¿Existen criterios para decidir qué está bien y qué está mal, qué es lo verdadero y lo falso, qué es válido y qué no lo es? El desastre actual en todos los órdenes —con gente presuntamente educada que no sabe definir qué es una mujer, la censura creciente a izquierda y derecha, por no hablar de Donald Trump y Pedro Sánchez, nihilistas al poder— viene de que se ha impuesto en buena parte de la academia y del populacho que la verdad no existe, el bien y el mal son relativos y, ya puestos, que el único pensamiento bueno es el incorrecto.

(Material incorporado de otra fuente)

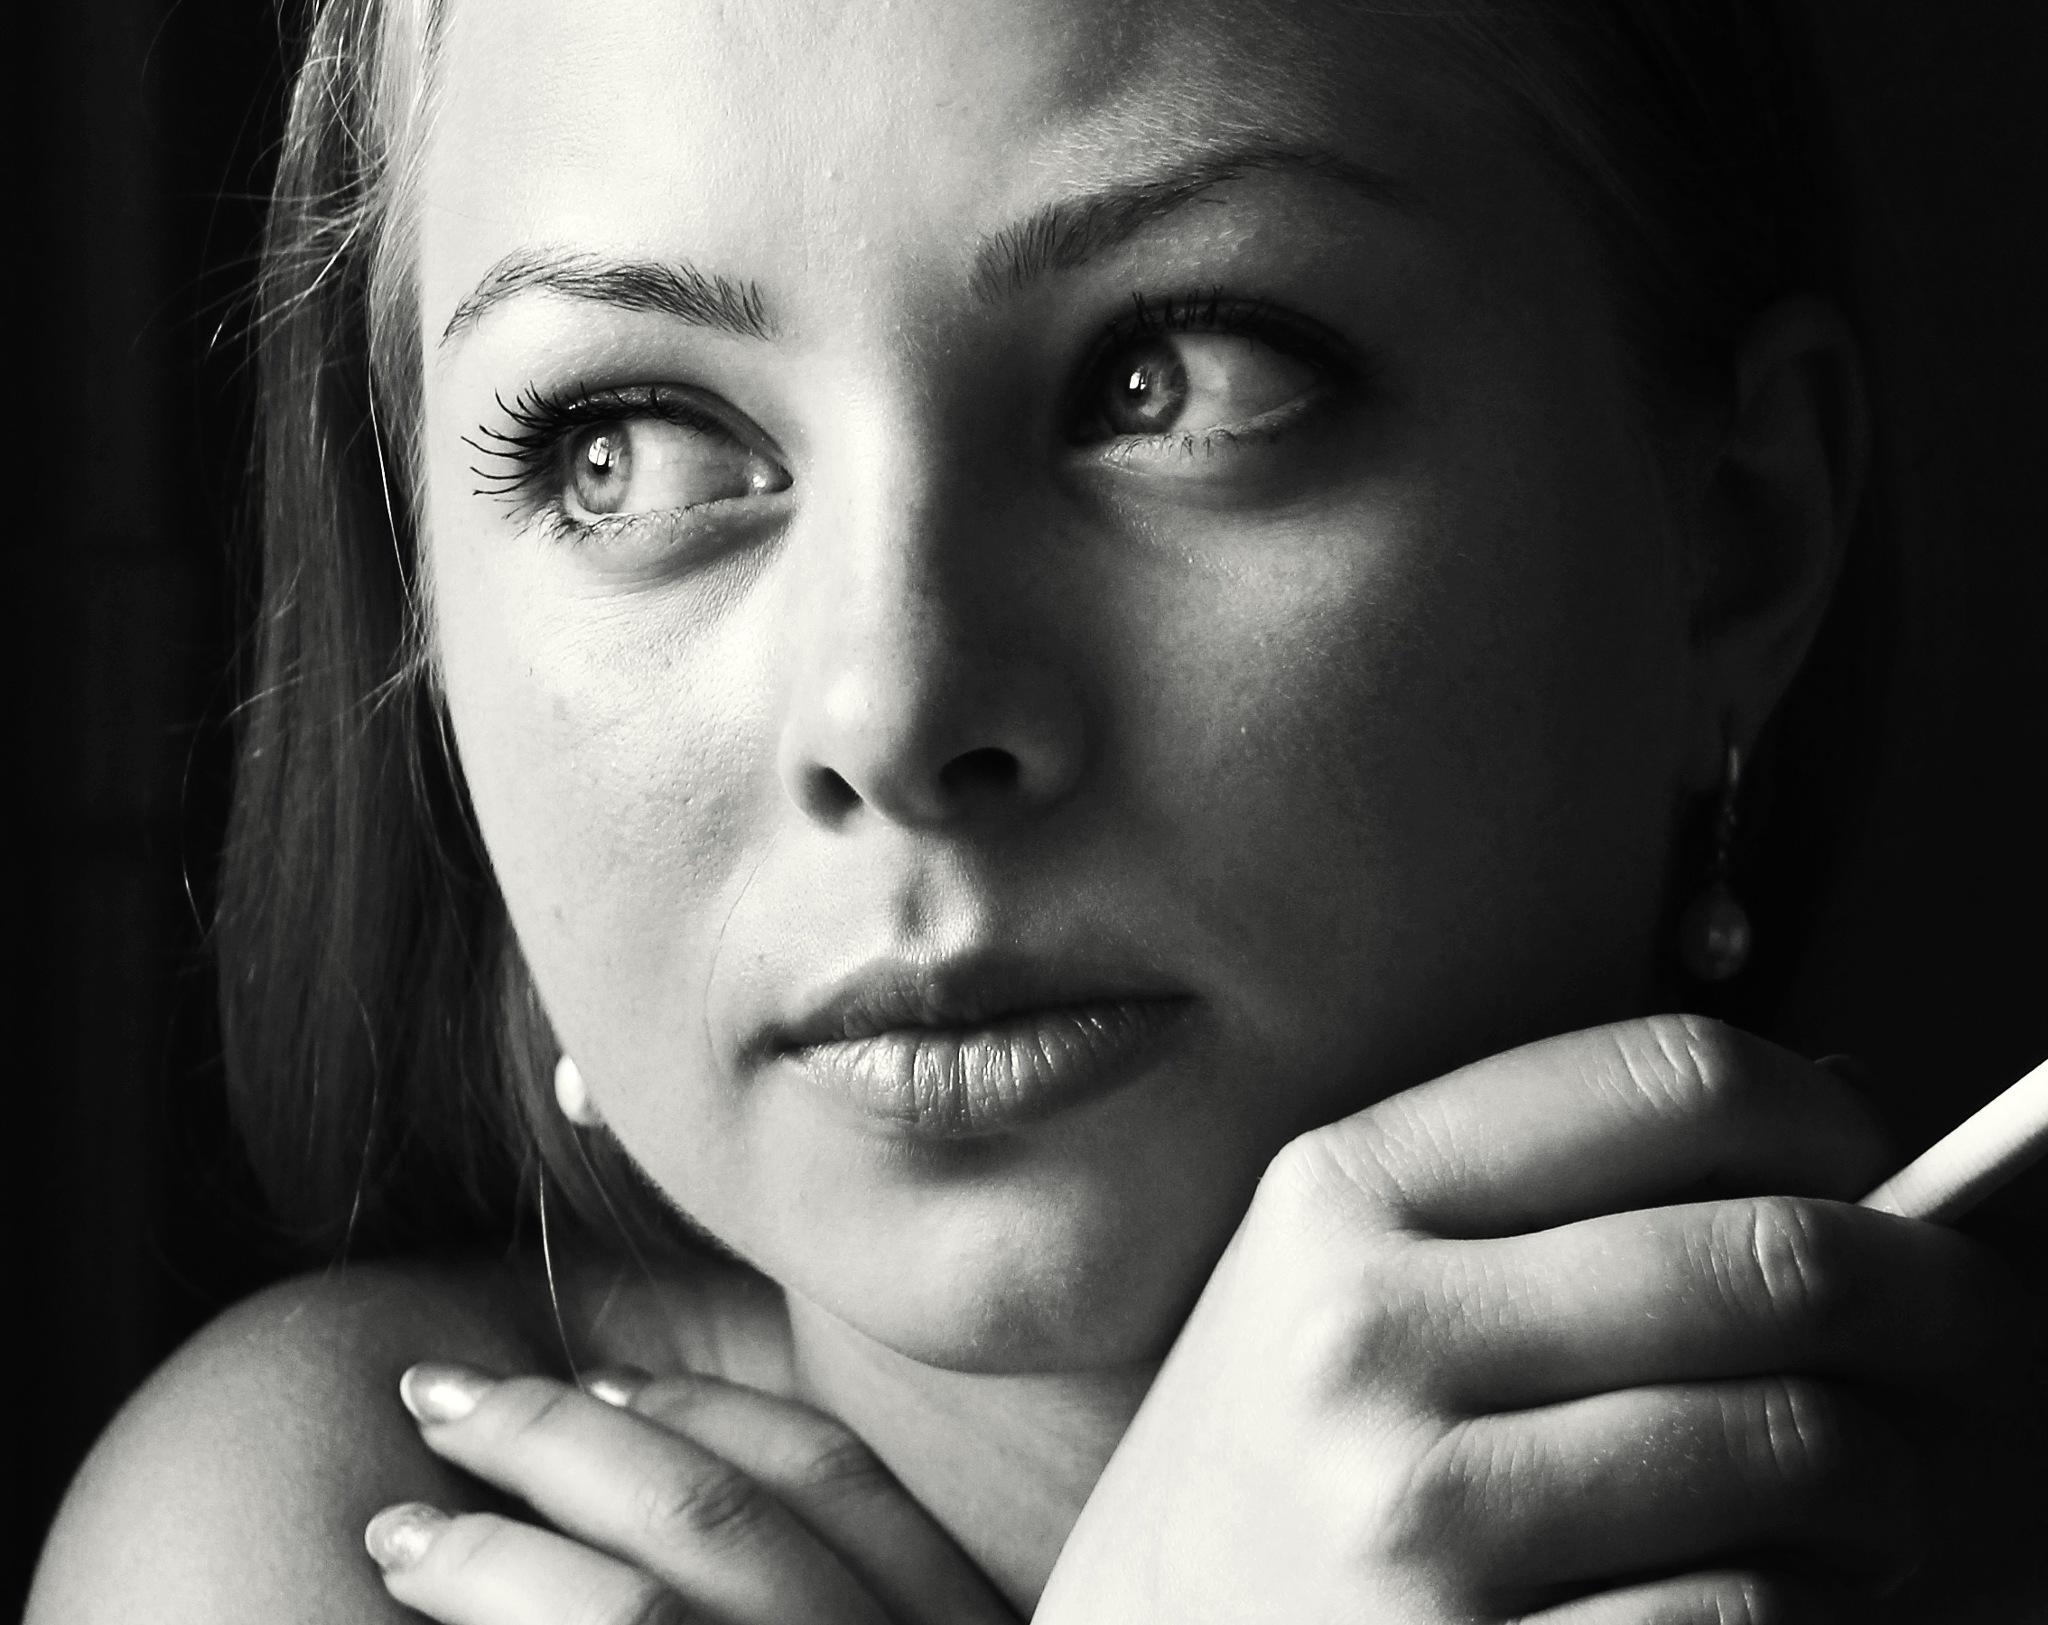 Masha by Сергей Юрьев

En estos tiempos, donde triunfan pensadores que alentaron la irracionalidad, la mentira y el fraude envueltos en la oscuridad y la jerga, de Foucault a Derrida, pasando por Richard Rorty y llegando a Judith Butler, también hubo algunos que resistieron los cantos de sirena de la posmodernidad. Lamentablemente, uno de nuestros campeones de la Ilustración contemporánea, uno que se enfrentó con lucidez y coraje a la tribu de los impostores, John Searle, ha muerto.

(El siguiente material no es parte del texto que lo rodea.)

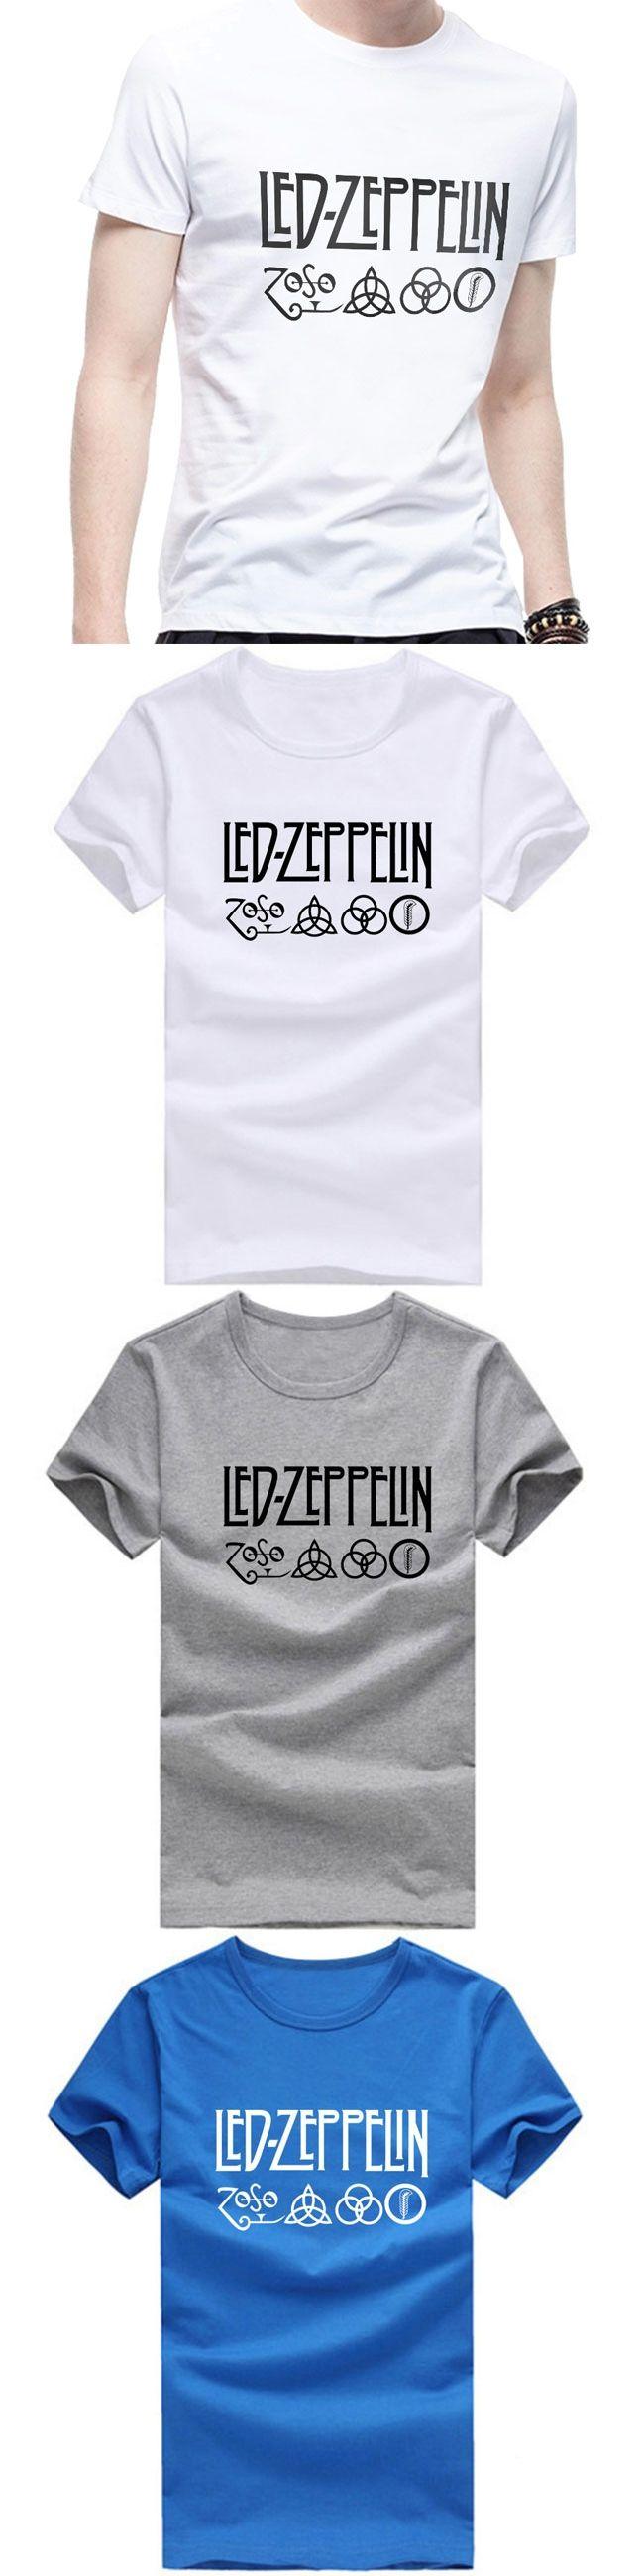 The 25 best led zeppelin t shirt ideas on pinterest slash band led zeppelin fashion men t shirts round neck short sleeve cotton hip hop man t biocorpaavc

Norteamericano educado en Oxford, lo mejor que aprendió junto a leyendas como John Austin, el filósofo del lenguaje ordinario, o Isaiah Berlin, el filósofo liberal, fue un criterio que combina la ética con la epistemología: "La convicción de que uno nunca debe decir nada que sea obviamente falso". Un lema revolucionario en estos tiempos de impostura y mentira convertidos en una de las artes infames. Su mejor tutor (en Oxford, más que profesores que dan clase, hay tutores que discuten ensayos de los alumnos) fue Peter Strawson, que le machacaba los ensayos con la mejor de las intenciones: que aprendiese a pensar por sí mismo. Dicho mantra ético-epistemológico tenía una traslación ontológica: el respeto puro por los hechos que sentía Searle. Recordemos que, para Arendt, la esencia del totalitarismo consistía precisamente en negar la misma existencia de los hechos, algo en lo que basan su reinado de la mentira tanto Trump como Sánchez.

Después del segundo Wittgenstein, la filosofía analítica fue predominantemente filosofía del lenguaje. En ese contexto, la primera obra de Searle fue Actos de habla, un libro eminentemente teórico, pero que también tuvo una consecuencia práctica: Searle fue, además, un campeón de la libertad de expresión, formando parte del Free Speech Movement. El problema con el que se encontró liderando la revolución estudiantil en Berkeley no fue tanto con las autoridades académicas, sino con sus camaradas de "revolución", que pretendían dejar como un erial la universidad. Por la misma época en la que Habermas llamó a la policía para desalojar su Escuela de Frankfurt de alumnos díscolos y alumnas entopless, Searle también llamó a la policía para que detuviesen a diez alumnos por extralimitarse. Los alumnos eran amigos suyos y de su entorno recibió amenazas de muerte. Es como aquello de Aristóteles: era amigo de Platón, pero todavía más amigo de la verdad. O como el padre del asesino de Charlie Kirk, que primero entrega a su hijo a la policía, luego le dona la recompensa de un millón de dólares a la familia de Kirk y, finalmente, sospecho, cogerá la mano de su hijo en los momentos finales de su vida antes de que le inyecten la dosis letal o como sea la ejecución fatal en el estado de Utah.
La derecha es idiota
En una entrevista en Los Angeles Times en 1989, declaró que la diferencia entre la derecha y la izquierda es que la primera es idiota, mientras que la segunda es malvada. Yo diría que ambas son idiotas y malvadas, aunque la derecha es más todavía más idiota que malvada, mientras que la izquierda altera el orden de los factores. Searle se inscribía en la tradición liberal de la democracia constitucional, a años luz de los conservadores al estilo de Nixon y McCarthy y en un universo diferente al de los habituales estudiantes revolucionarios al estilo marxista, que chapotean en la sangre de sus revoluciones jacobinas. Pero Searle no se mantuvo en una torre de marfil, sino que luchó contra los hunos y los otros, consiguiendo que hubiese una reforma en Berkeley, pero no una revolución destructiva con aires románticos como sí sucedió en París. Toda esta historia sobre cómo pasar de ser un revolucionario a un contrarrevolucionario la cuenta en The Campus War, una guerra que seguimos viviendo hoy día gracias al movimiento "woke" de iluminados de la ultraizquierda nihilista, con perspectiva de género e interseccional, devota de Judith Butler y enemiga de la ortografía, el mérito y la excelencia académica. Searle fue de los pocos que se atrevió a hablar del racismo contra los blancos que empezó a propagarse en la universidad norteamericana a lomos de la discriminación positiva (allí se llama, orwellianamente, affirmative action). En suma, se opuso a sustituir la filosofía por la política y la excelencia académica por el activismo sectario. Estamos en esa guerra.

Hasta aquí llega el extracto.